Personally it was sleep deprivation and frustration that drove me to read the whole book about it. I knew that the short term sacrifice would have a longer term gain. My reading was mostly done while breastfeeding so I tried to take advantage of time I was already captive.
 
@shaughnessyym Breastfeeding was when I either got to eat, do a tiny bit of housework or use the bathroom.

The *only* time, generally. Otherwise, if our baby wasn't being actively tended to, she'd be howling, meaning my wife couldn't work/sleep/recover.
 
@jsphalford11 In this case I was the breastfeeding parent so I read the books while my husband did other things and I summarized them for him so we both could understand. I asked him to read specific sections that pertained to us so he could help make decisions. It was hard to fit in, but worth it.
 
@jsphalford11 I can’t say what works for you. All I’m saying is, we had it hard too, just like many others. We had a colicky baby who cried every night for hours on end for months. So, I knew we needed to do something and I was tired of googling all night long. Someone recommended Precious Little Sleep, so I read it. During breastfeeding was the option that worked best for me, but everyone has to figure their own stuff out. The book helped. And now, I recommend it to other people.
 
@shaughnessyym Lol I didn’t ask for an essay. Literally just any quick tips that she thought would help.
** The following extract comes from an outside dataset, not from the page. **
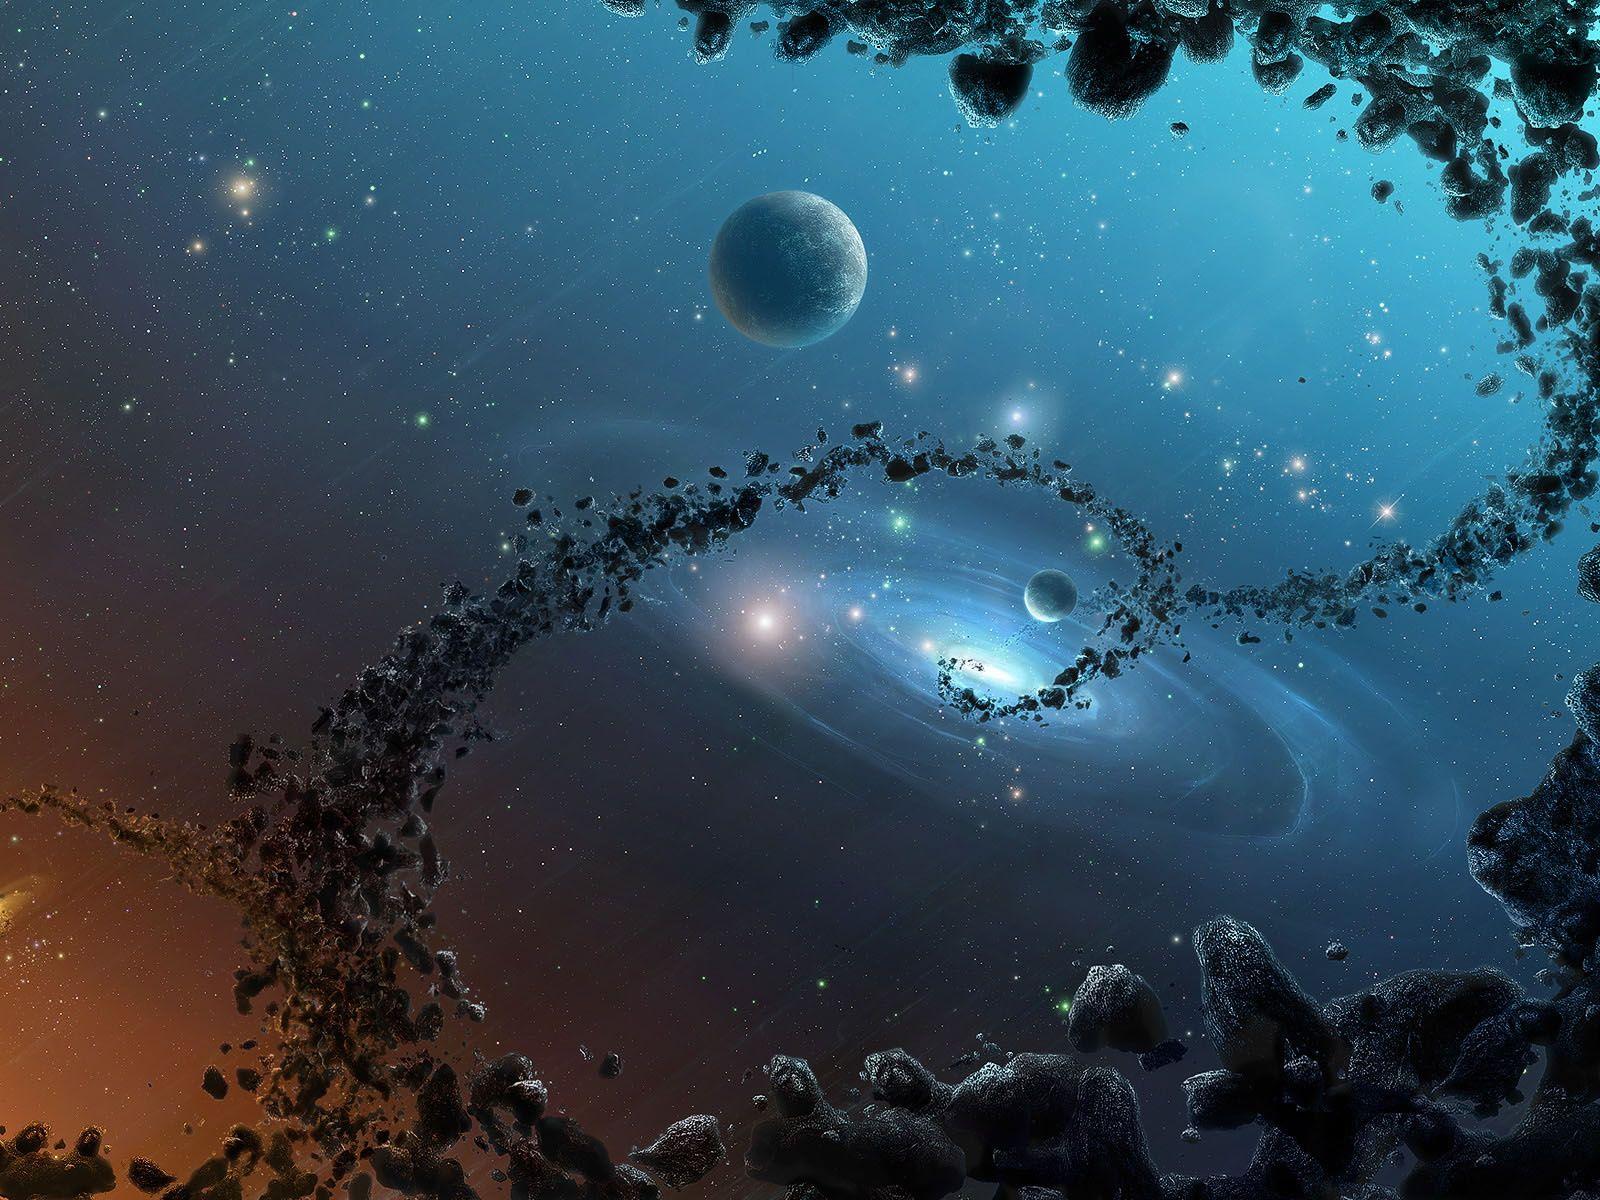 Wallpaper 3d Free Download Sci Fi Wallpaper Planets Wallpaper Galaxy Wallpaper

And yeah, it’s shitty that she had to also read it while sleep deprived… like maybe there should be better ways to help struggling parents?
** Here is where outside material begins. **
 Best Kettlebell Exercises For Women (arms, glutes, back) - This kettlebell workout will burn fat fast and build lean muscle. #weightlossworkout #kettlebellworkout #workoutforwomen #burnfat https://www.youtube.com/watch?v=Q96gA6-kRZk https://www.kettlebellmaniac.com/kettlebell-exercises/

Anything is better than continuing this stupid cycle of handing off books to sleep deprived people and tell them to “just read it”
 
@yamikani That’s not it at all? Did you actually read the comment I replied to. The person I responded to was mad that their friend gave them a book and didn’t summarize the book for them. Just thank the friend and move on if you don’t wanna read it. Don’t simmer because they didn’t spend the time to write out highlights for you?